Collected data section start

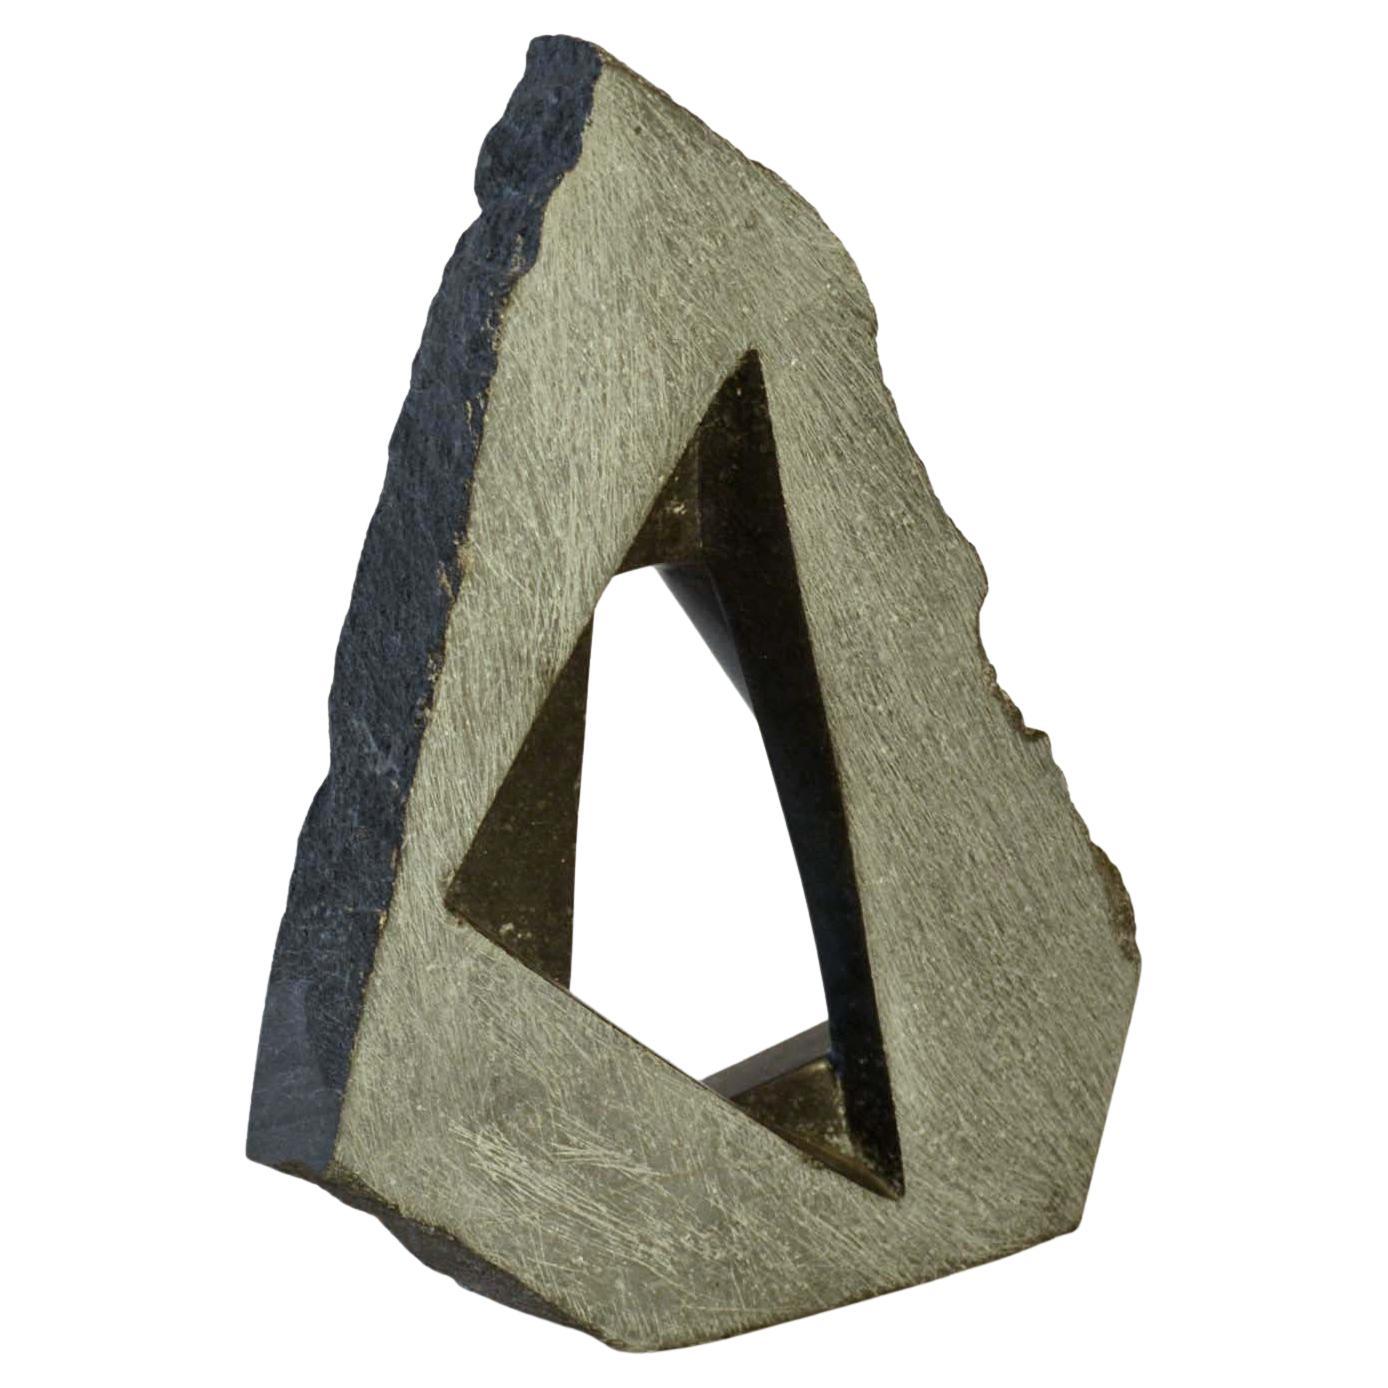 Geometric Abstract Dutch Sculpture in Black Granite For Sale
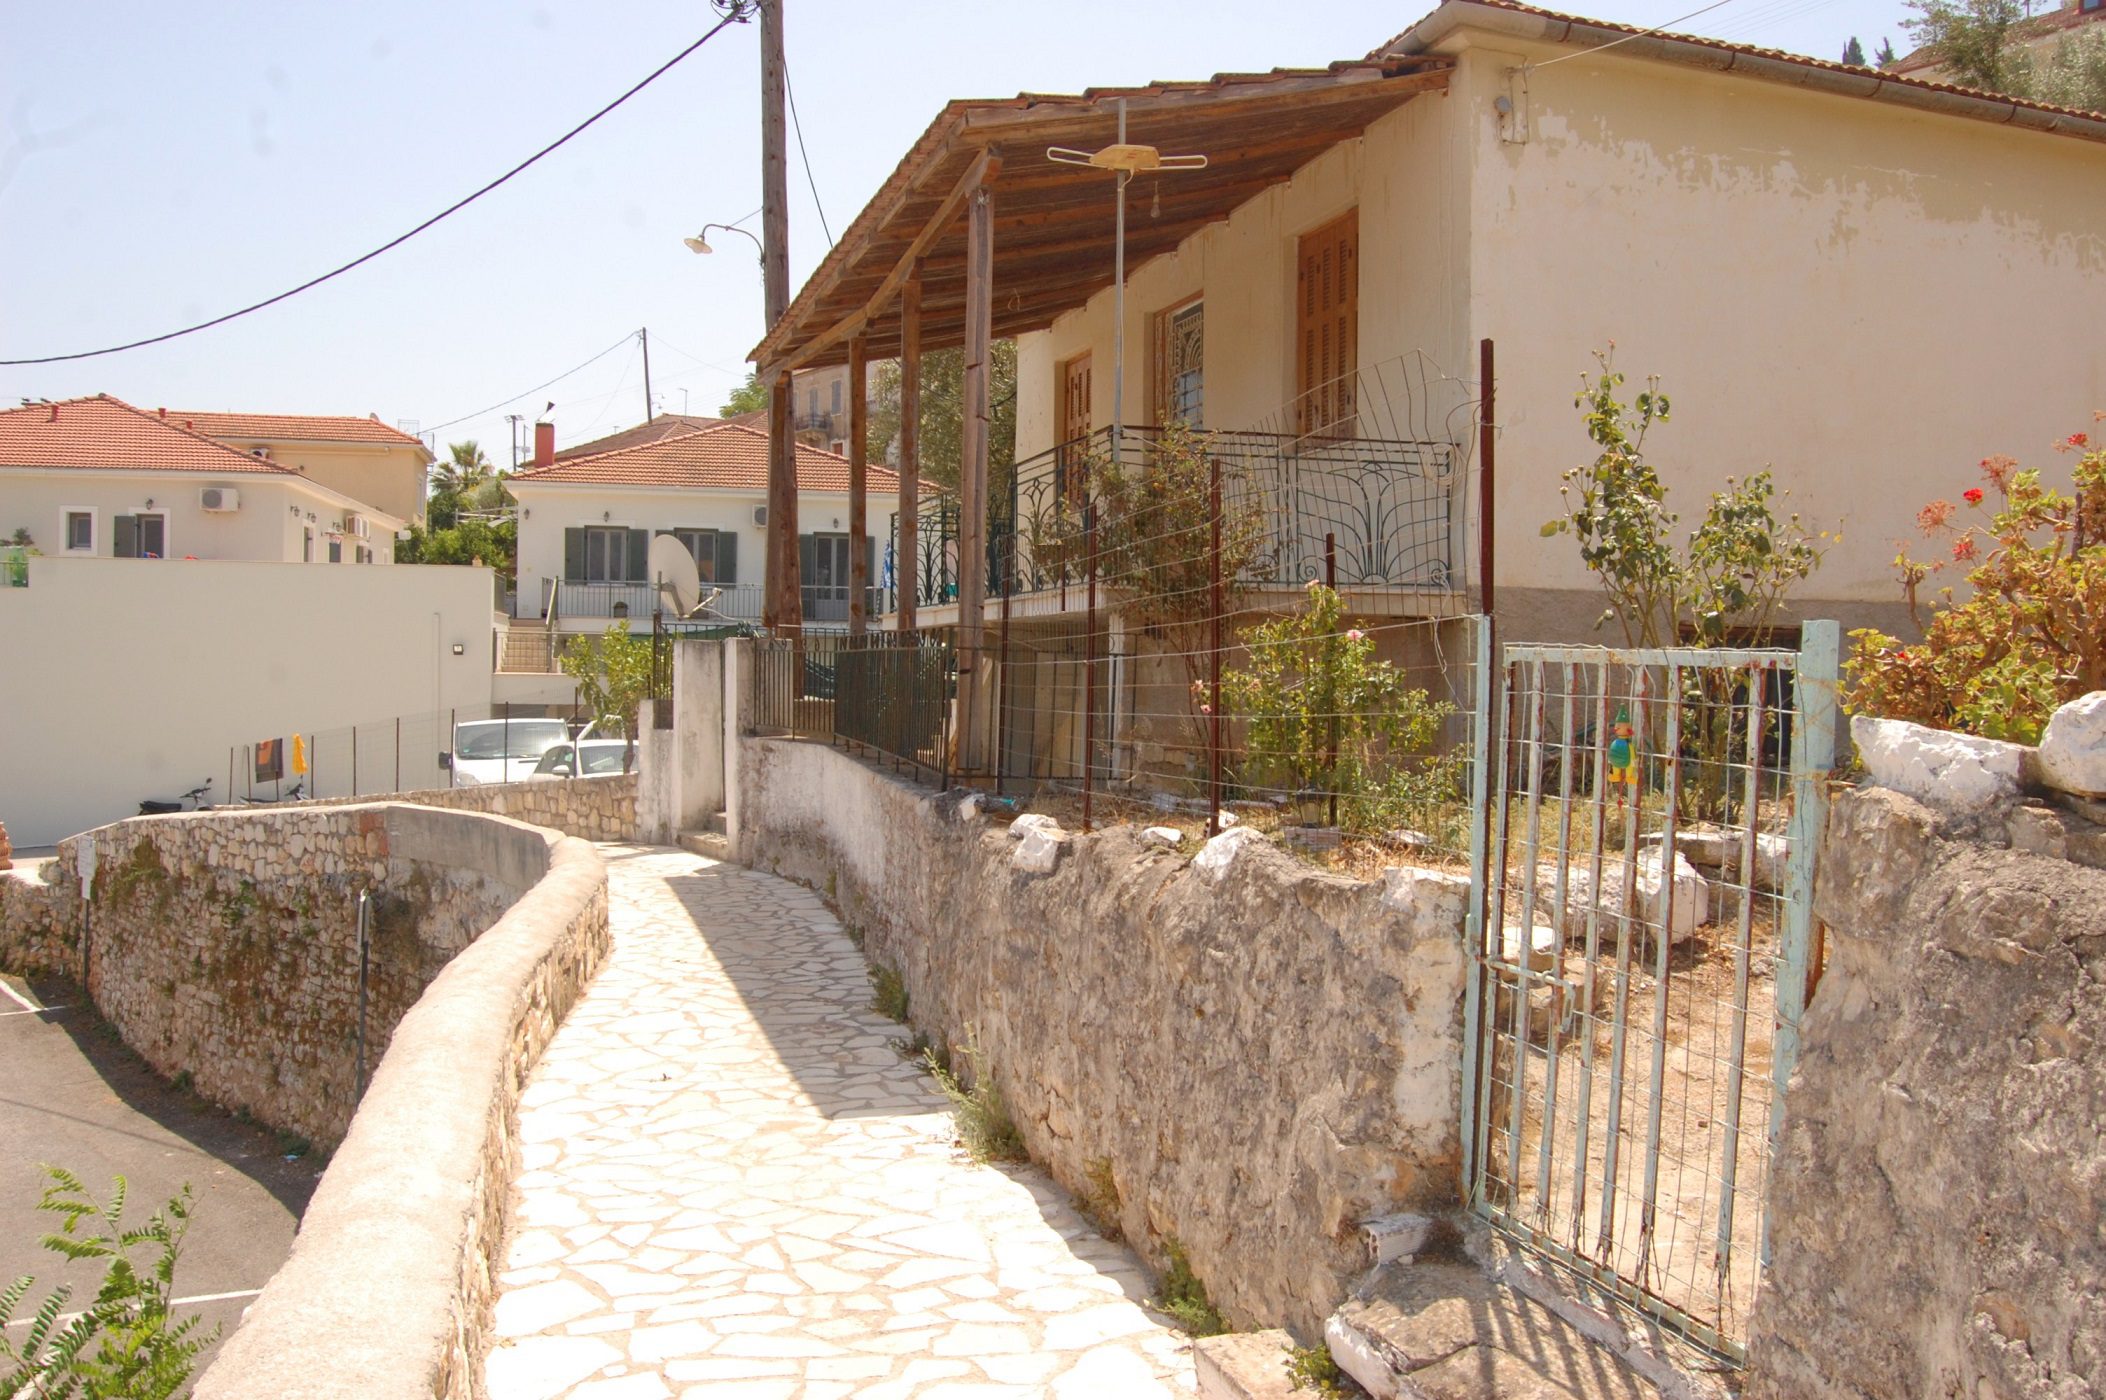 Entrance to land for sale in Ithaca Greece, Vathi
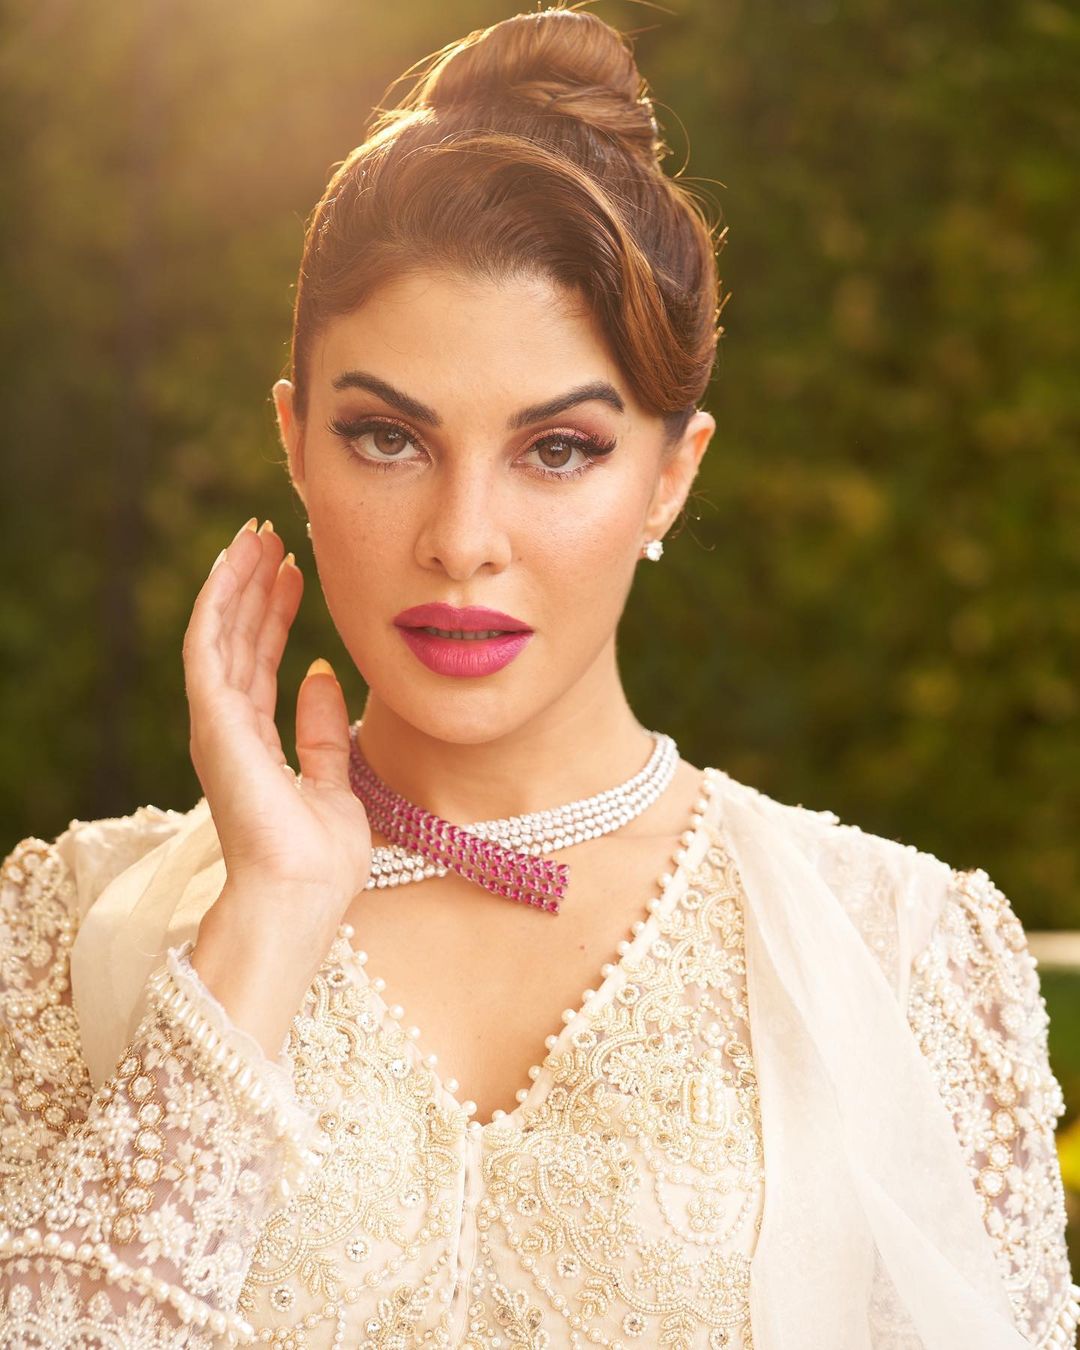 Jacqueline Fernandez looks drop-dead gorgeous in the ivory white look with the statement neckpiece.
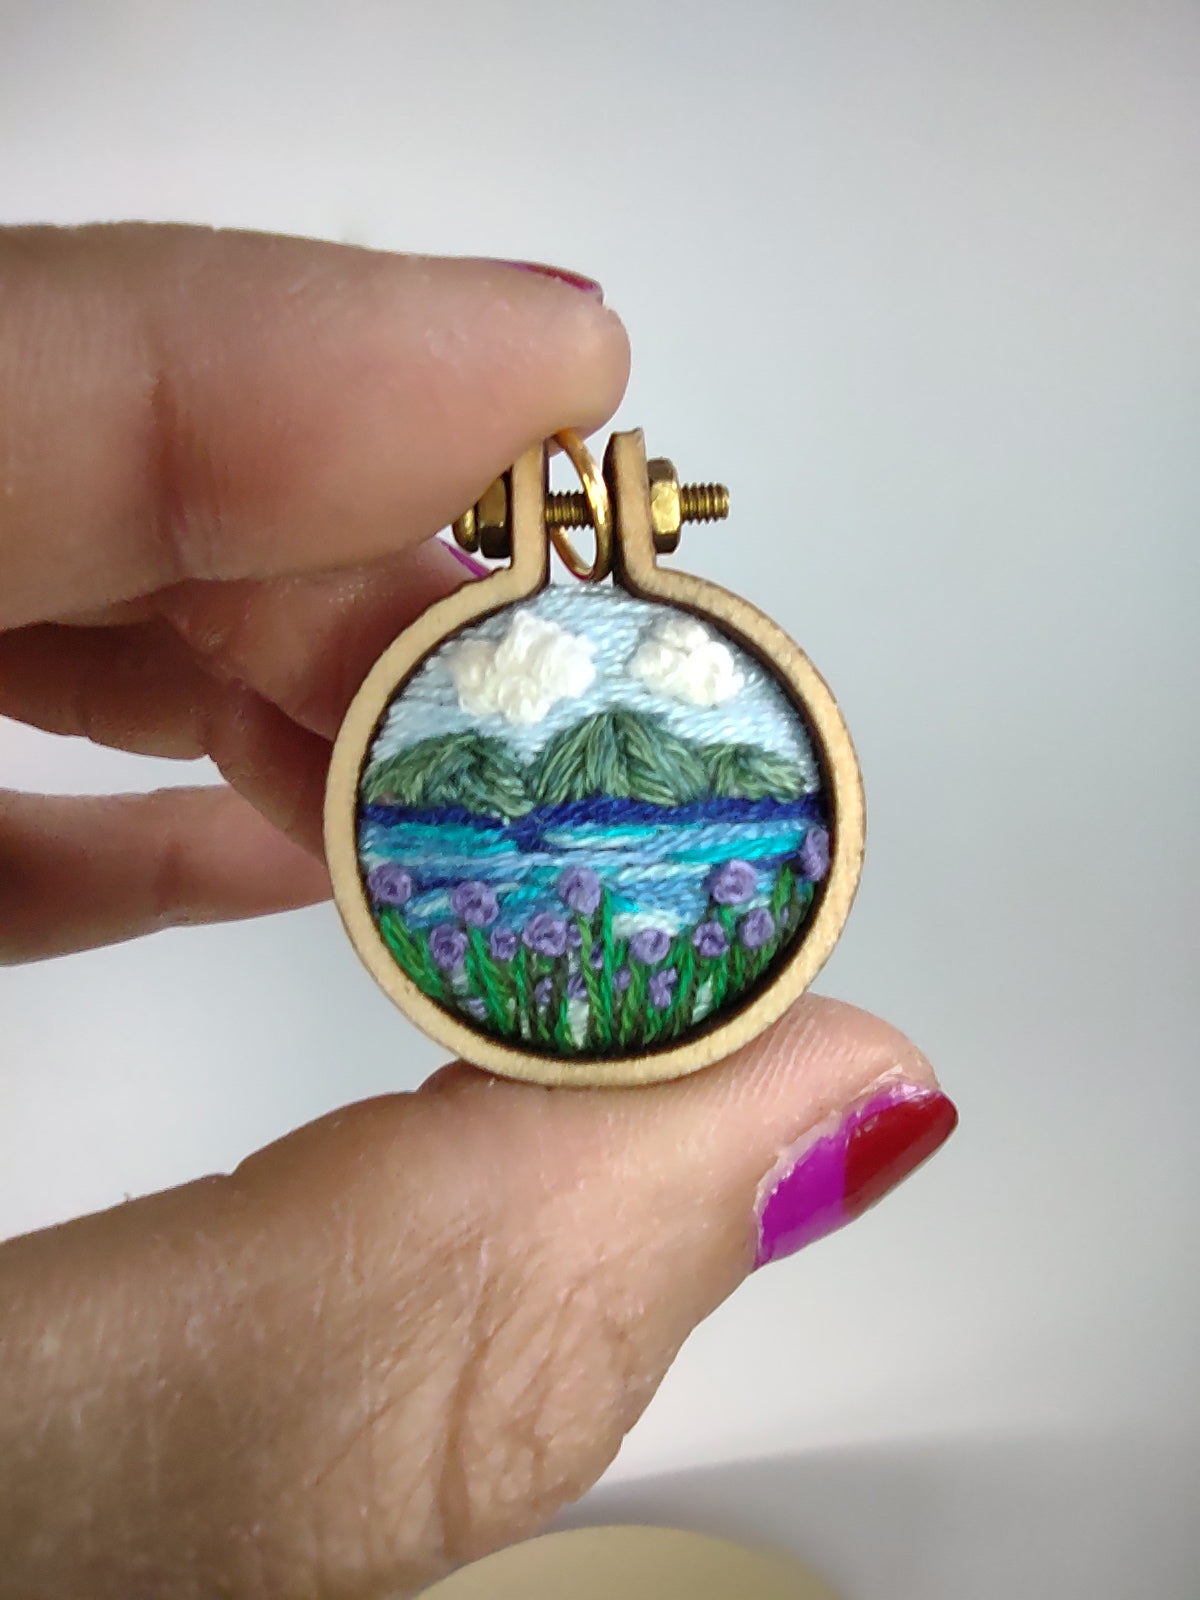 Handmade Embroidered Mountain Lake Landscape Pendant Necklace

Collected data section end

» **Requirement**
Output each line exactly as shown above; no pictures go in the copy.

» **Solution**
 Geometric Abstract Dutch Sculpture in Black Granite For Sale
 Entrance to land for sale in Ithaca Greece, Vathi
 Jacqueline Fernandez looks drop-dead gorgeous in the ivory white look with the statement neckpiece.
 Handmade Embroidered Mountain Lake Landscape Pendant Necklace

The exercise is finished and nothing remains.